AWS Compute Blog

Seamlessly Scale Predictions with AWS Lambda and MXNet


Sunil Mallya, Solutions Architect

Building AI solutions at scale can be challenging, in this blog we’ll look at how to leverage AWS Lambda and MXNet to build a scalable prediction pipeline.

Companies that leverage machine and deep learning invest in much more than just training models. They have sophisticated pipelines that include the following stages:

  • Data storage
  • Pre-processing
  • Feature extraction
  • Model generation
  • Model Analysis
  • Feature engineering
  • Evaluation and feedback

mxnet_1.png

Each stage of the pipeline requires:

  • Elasticity to adapt to changing workload demands
  • Scalability to adapt well to the overall size of the workload
  • Cost effectiveness to optimize total cost of ownership (TCO)

Amazon S3 meets all of the requirements for data and model storage. But the unpredictability of user demand and location can make scaling up for batch predictions (or the results of the model analysis) challenging, and can affect the overall user experience. In this post, we show how to use MXNet and AWS Lambda to deploy models at scale for predictions.

What is MXNet?

MXNet is a full-featured, flexibly programmable, and highly scalable deep learning framework that supports state-of-the-art deep models, including convolutional neural networks (CNNs) and long short-term memory networks (LSTMs).
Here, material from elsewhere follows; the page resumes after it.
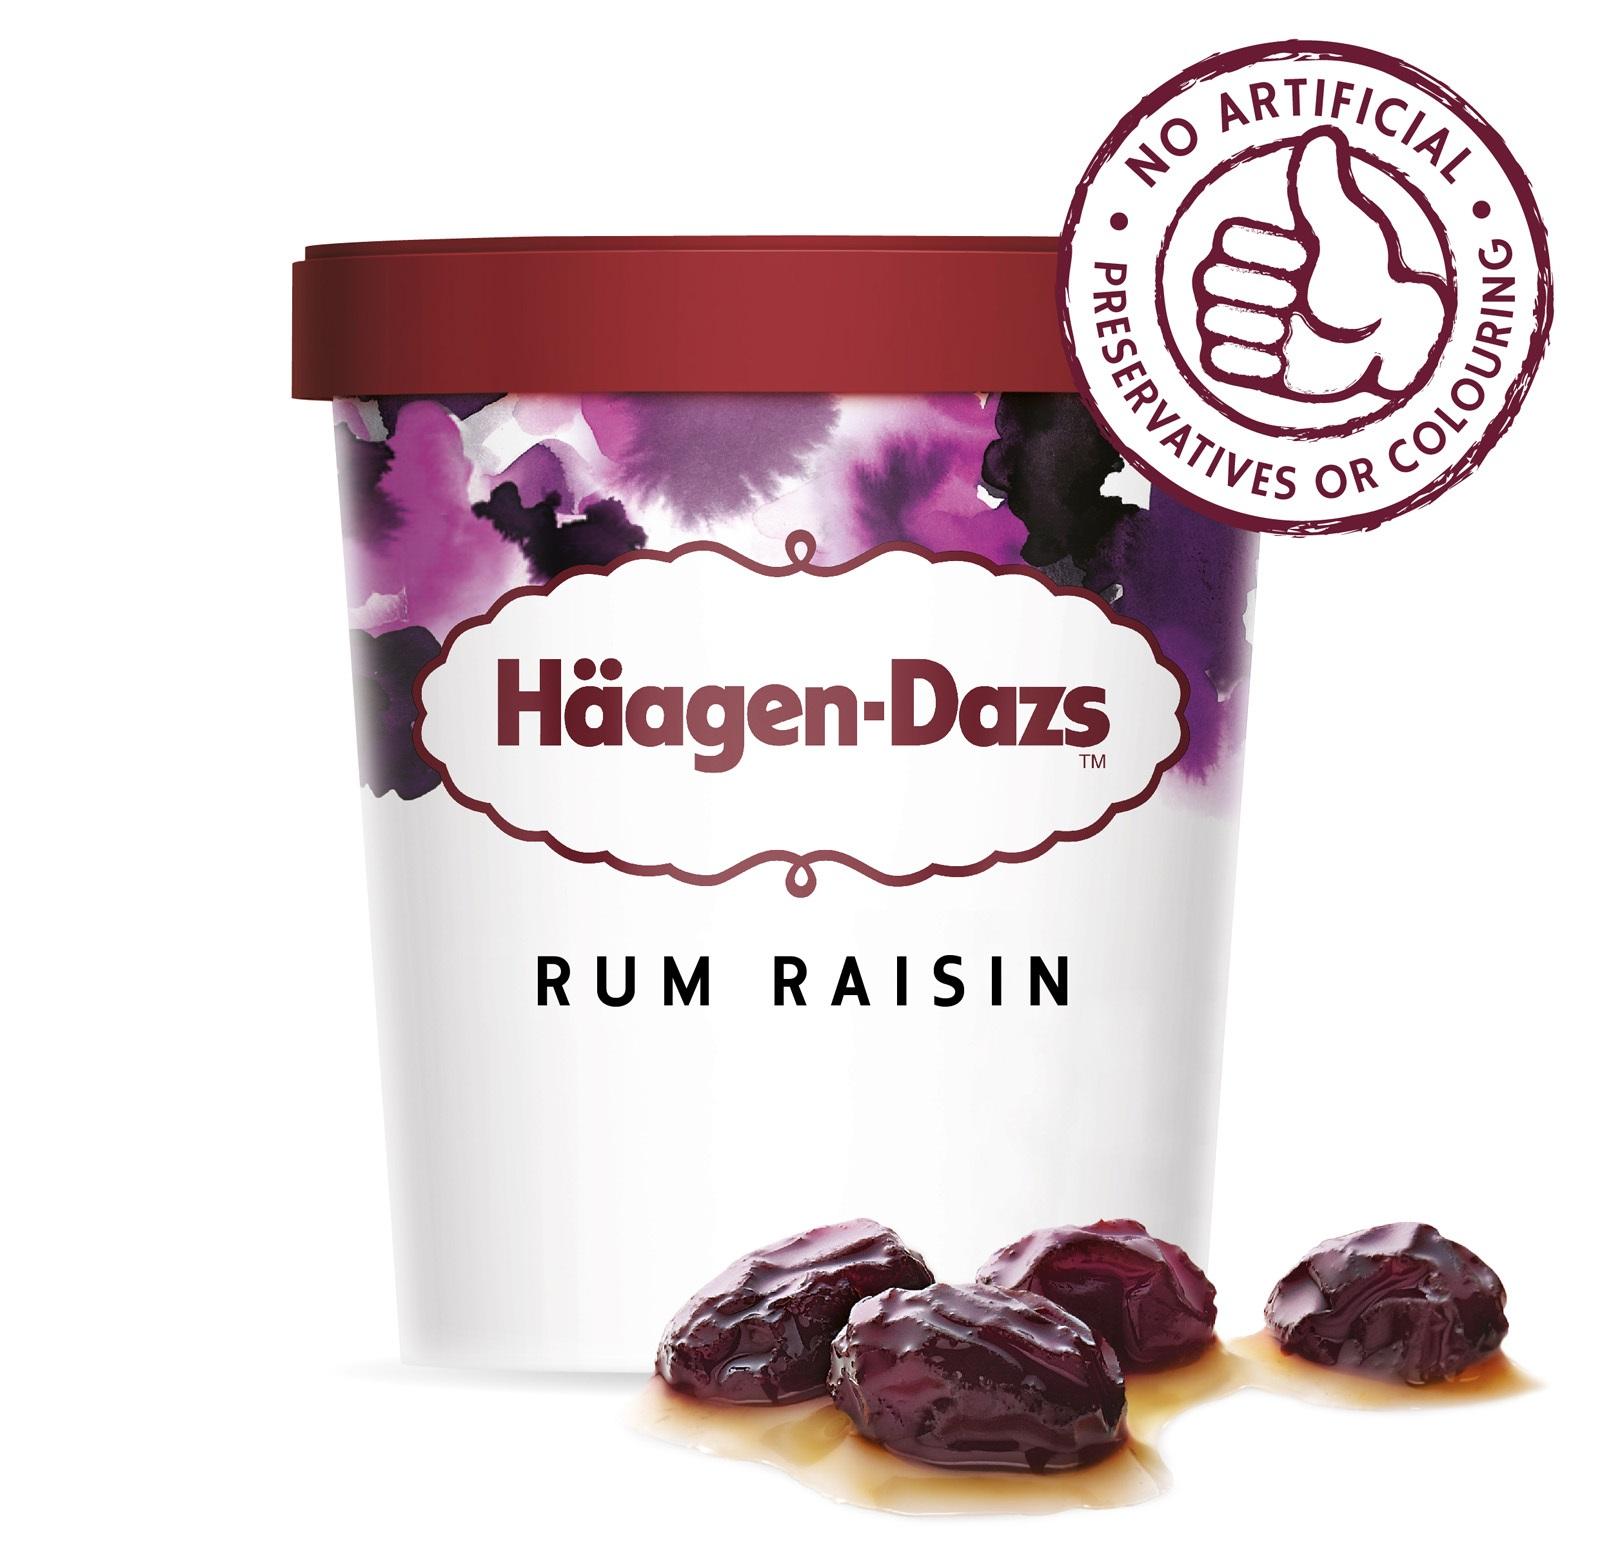 Rum & Raisin Pint
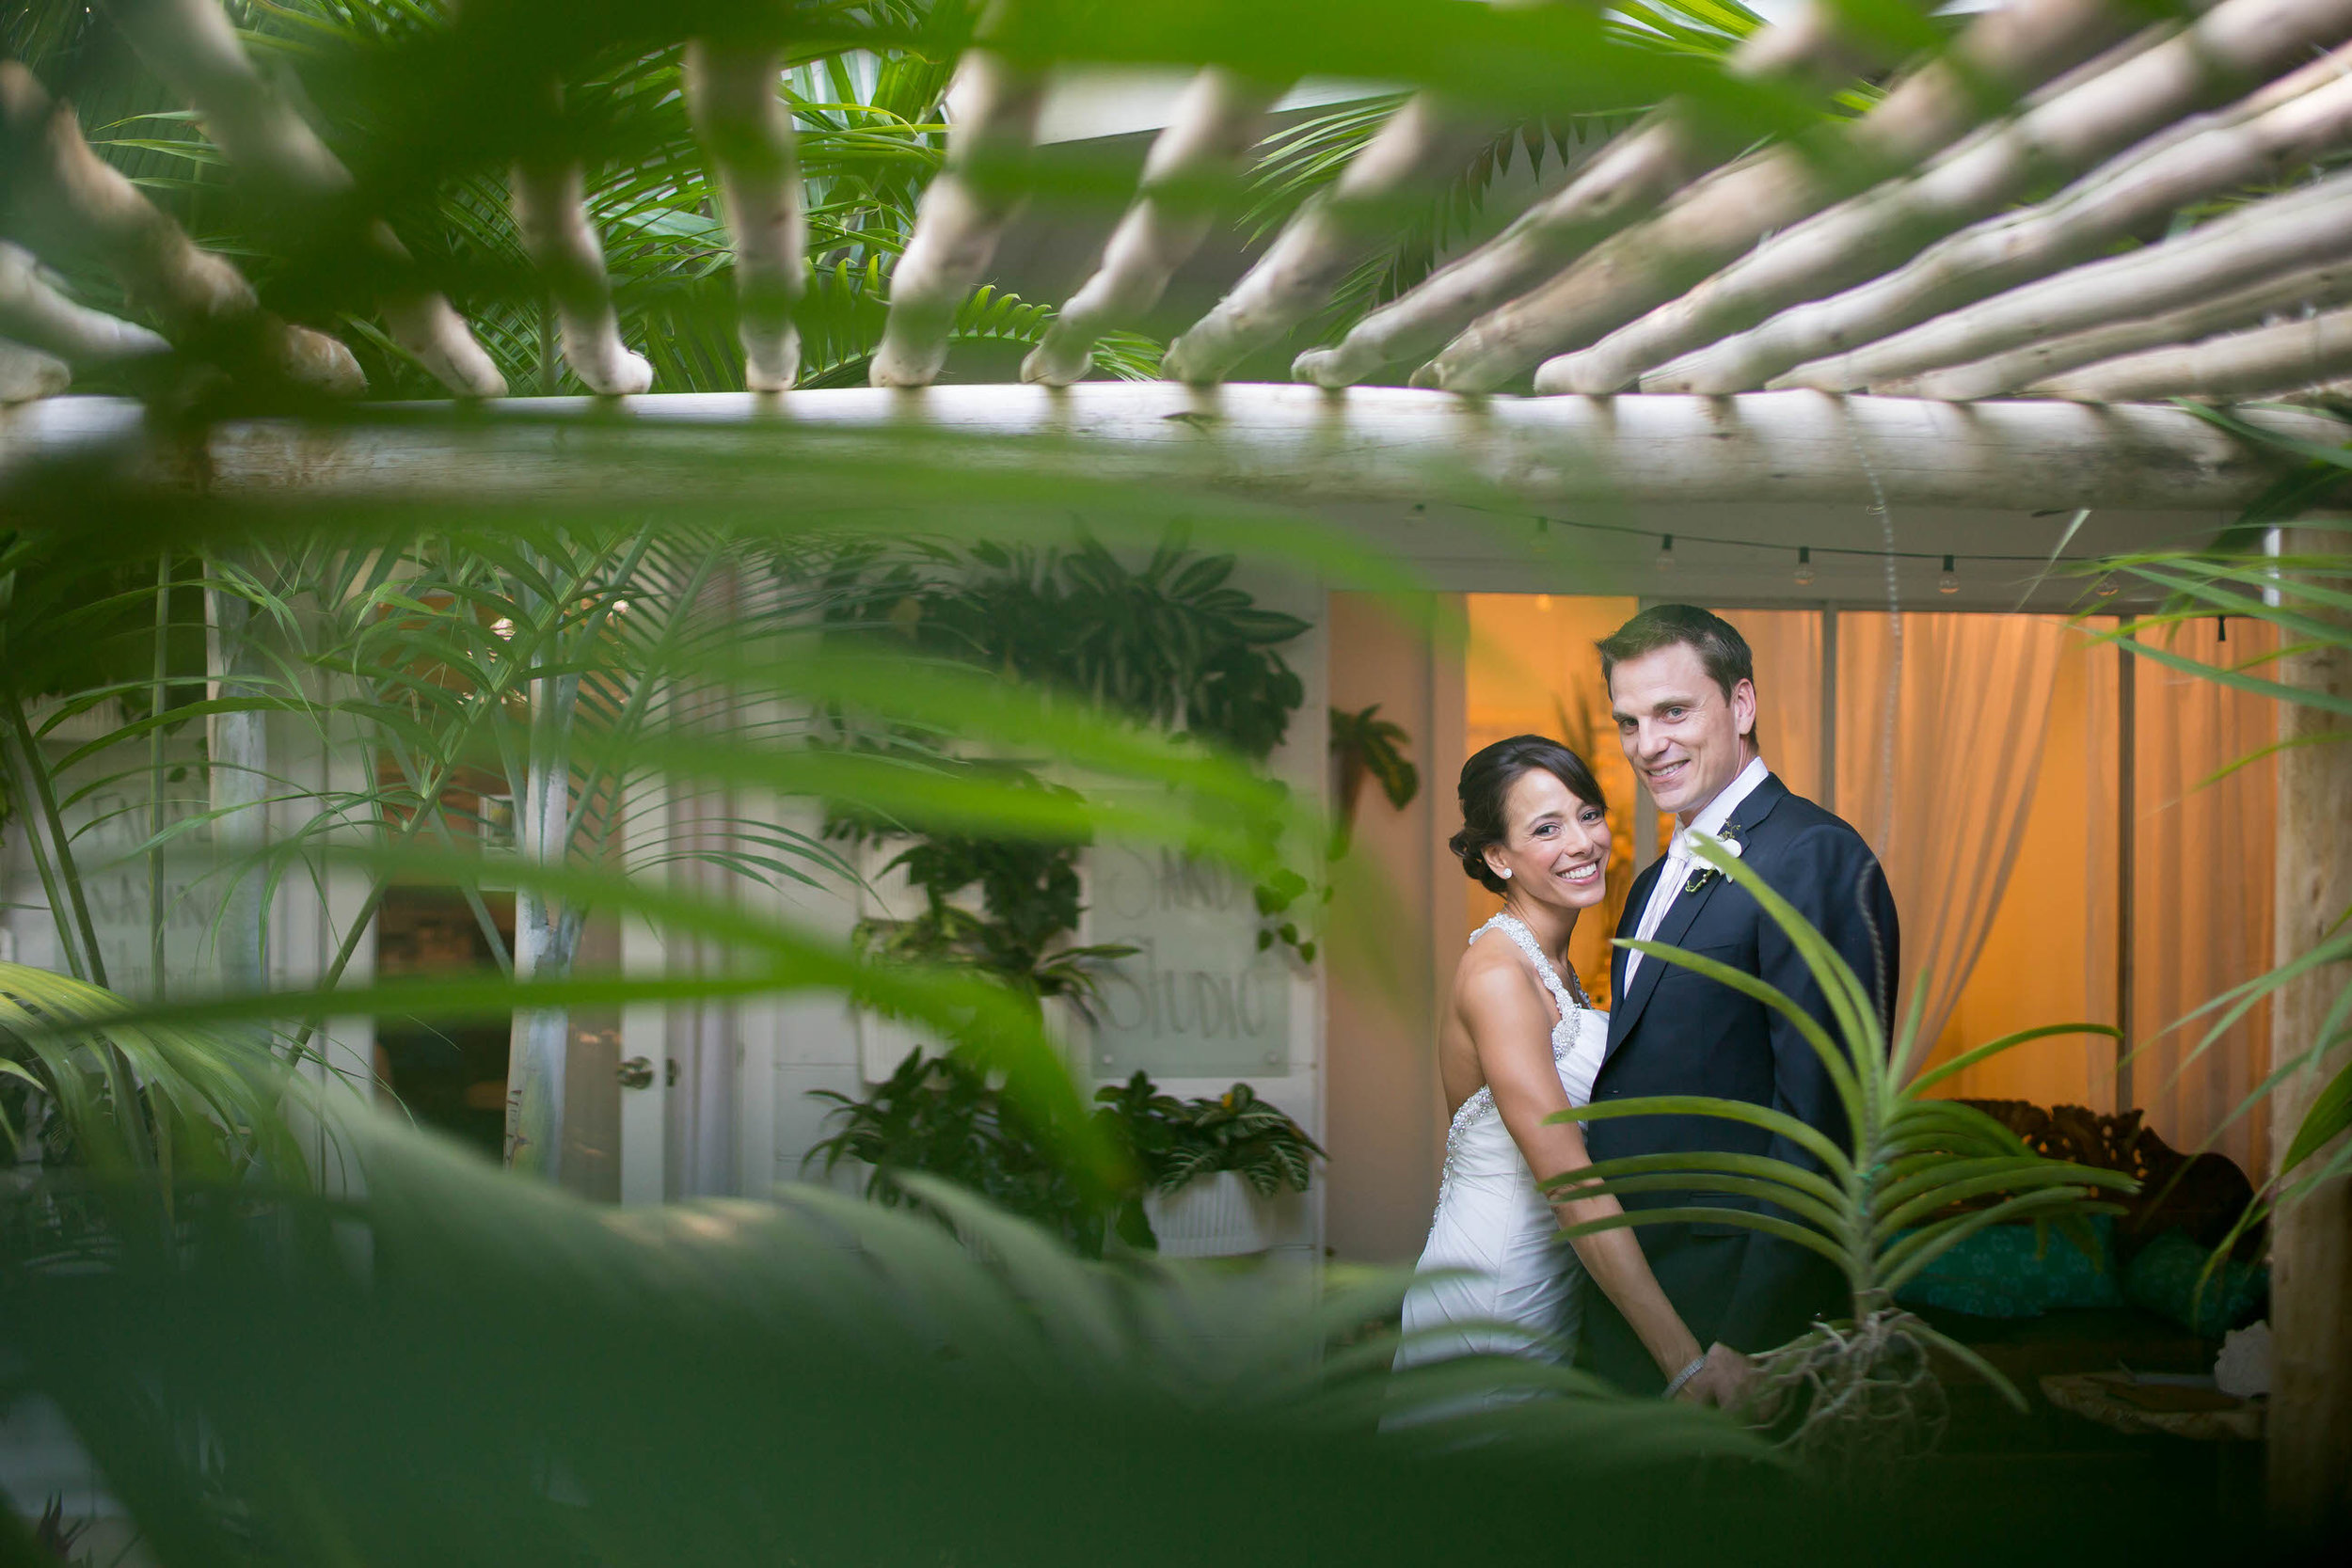 gorgeous_bride_groom_key_west_destination_wedding_photographer_tiny_house_photo.jpg

It is the result of collaboration between researchers at several top universities, including the founding institutions of the University of Washington and Carnegie Mellon University.

As discussed in Werner Vogel’s MXNet – Deep Learning Framework of Choice at AWS post, not only is MXNet scalable for multi-instance training, it also scales down to a variety of devices and small memory footprints, even when serving predictions on very large models. MXNet is available through open source under the Apache Version 2 license.

Challenges with the prediction pipeline

As previously mentioned, ML model training and validation is just a small part of the story. After the model is built, the real work begins. To service millions of customers seamlessly, every application must scale. However scaling the prediction portion of the pipeline can be challenging and expensive, especially when end users are geographically dispersed.

Delivering model updates, deploying globally, and maintaining high availability can be difficult. Lambda is a very good deployment option for the prediction pipeline, an excellent solution for serverless web applications, real-time batch processing, and map reduce tasks.

How can you leverage Lambda?

“Code, test, deploy, and let the service do the heavy lifting” is the Lambda customer motto. Regardless of your traffic patterns—high concurrency or bursty workloads—Lambda scales to service your needs.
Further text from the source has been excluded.